ENCYCLOPEDIA CORPUS TRANSGENICA / 1993.

 

En 1993, je reçus une proposition d’exposition à l’Institut Cochin de Génétique Moléculaire de Paris. Je proposais un travail qui avait pour objectif de faire réfléchir les chercheurs sur une démarche artistique explorant le domaine de la génétique et de définir les apports réciproques des deux disciplines.

 

Le travail tournait autour de l’idée de mystification scientifico-artistique.

Il évoquait la vie et l’œuvre d’un mystérieux moine autrichien du dix-neuvième siècle du nom de Johann Gregor Delmen, pionniers de la génétique.

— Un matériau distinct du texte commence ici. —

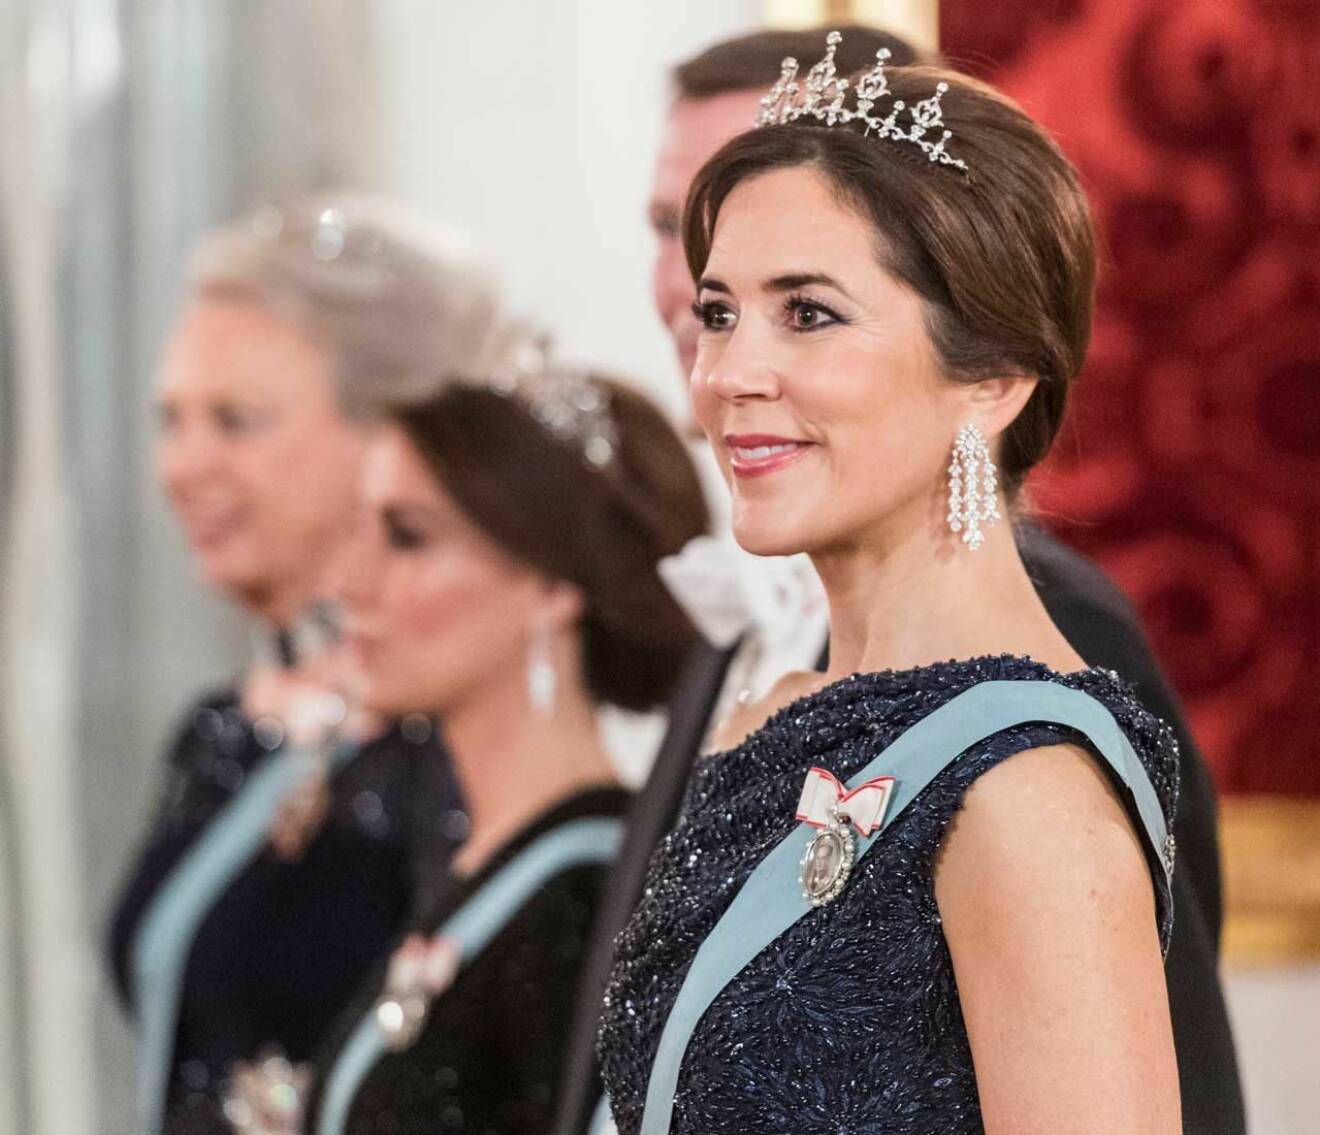 Kronprinsessan Mary i tiara och paljettklänning vid galamiddagen på Christiansborgs slott i Köpenhamn.

Ce moine visionnaire développa une série d’expériences de mutations transgéniques sur le vivant en hybridant des végétaux, des animaux et des humains.

Le but de son travail fut la création d’êtres quasi mythiques susceptibles d’engendrer tous les autres. Il développa une tératologie expérimentale sur l’embryon.

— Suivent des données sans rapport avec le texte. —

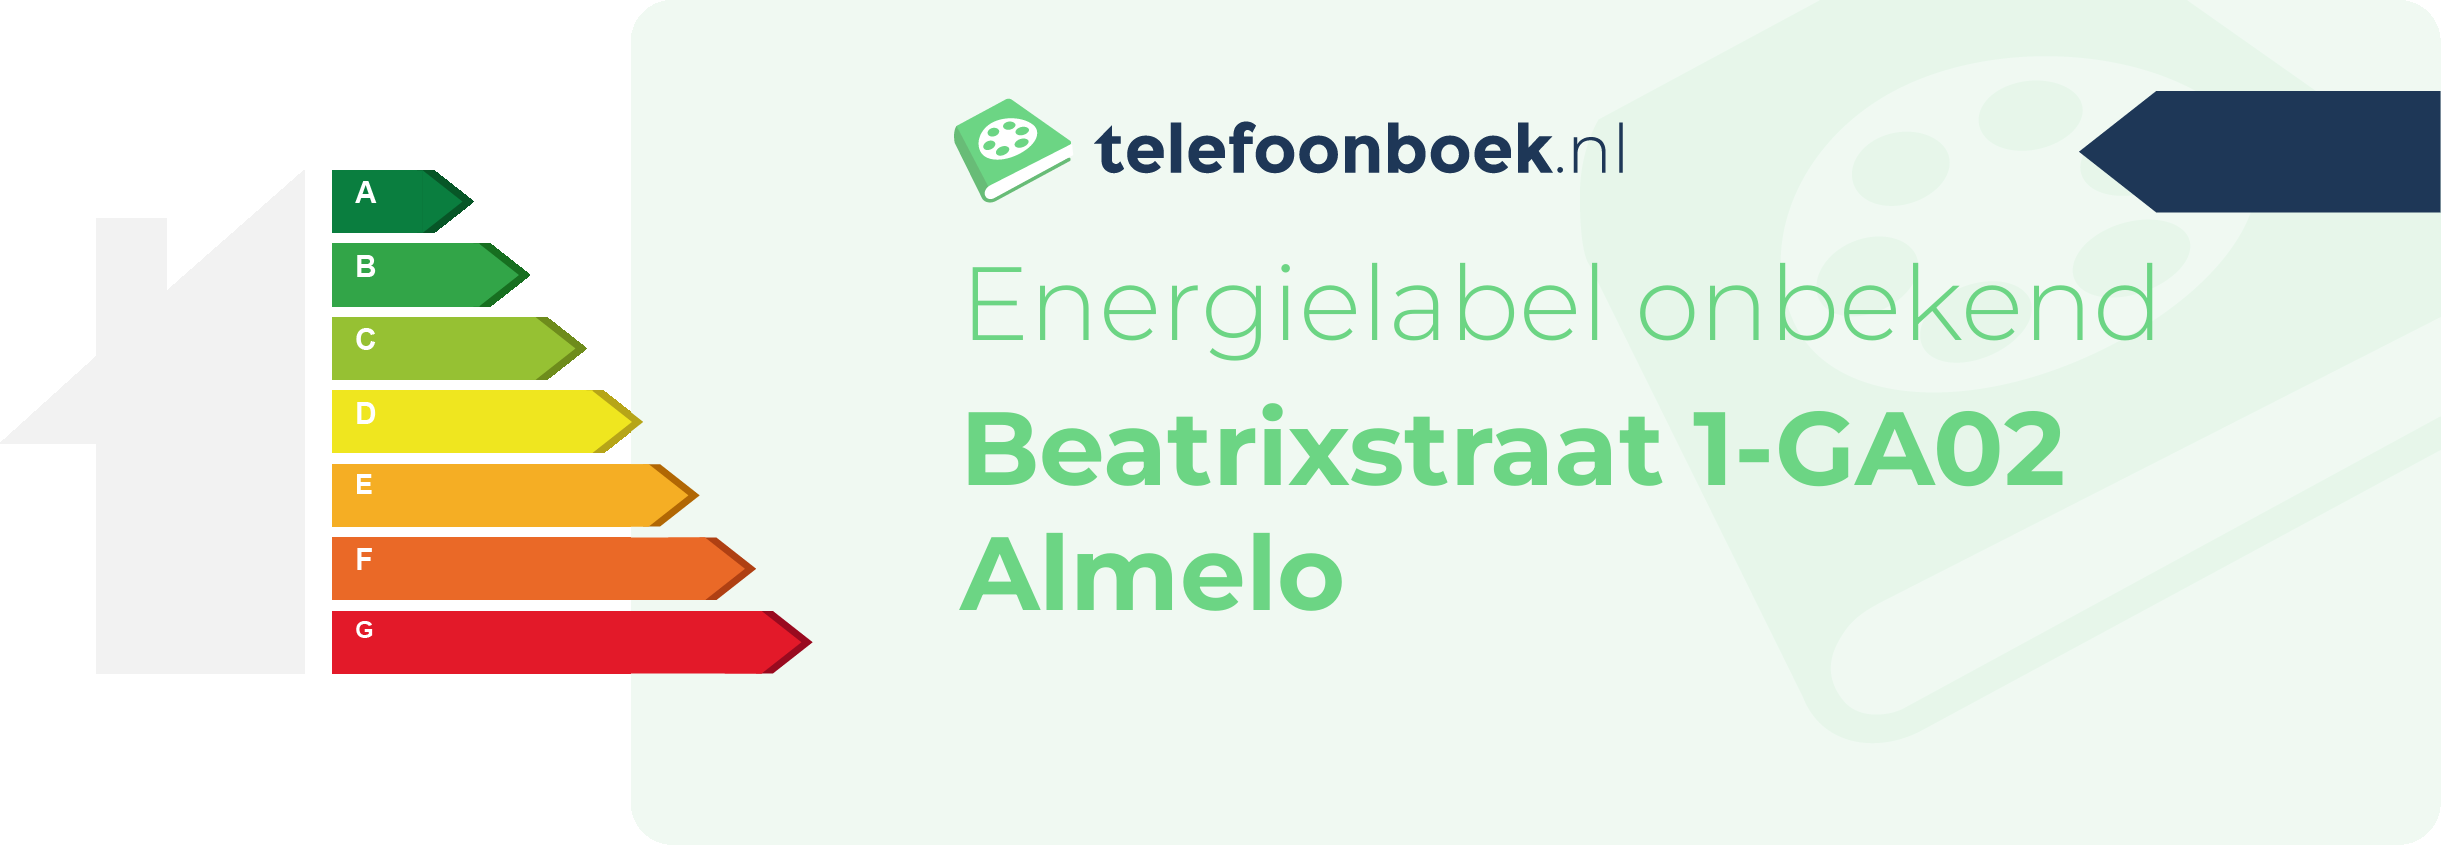 Energielabel Beatrixstraat 1-GA02 Almelo

Ces expériences de mutations homéotiques lui permirent ainsi de transformer une partie du corps en une autre, les ailes peuvent pousser à la place des bras, des branchies à la place des poumons.

De fait, sa logique de création le conduisit à une esthétique de la monstruosité, qui tendait à pousser les formes au-delà de toute mesure. Il a cherché à expliquer l’infini en extorquant aux formes la logique des forces à l’œuvre.

Après une condamnation sans appel prononcé par l’autorité ecclésiastique, Il termina ses jours dans un monastère de réclusion ou il dessina une série de gravures regroupées sous le nom de " Corpus Transgenica " qui fut présenté à l’Institut.

 

Pendant cette expérience qui suscita beaucoup d’interrogations, je fus étonné de la réceptivité des chercheurs concernés par cette approche. Des conversations en découlèrent qui faisaient apparaître un intérêt, une curiosité, des points de vue.

 

Ce travail s’avéra passionnant et laissa présager d’autres projets.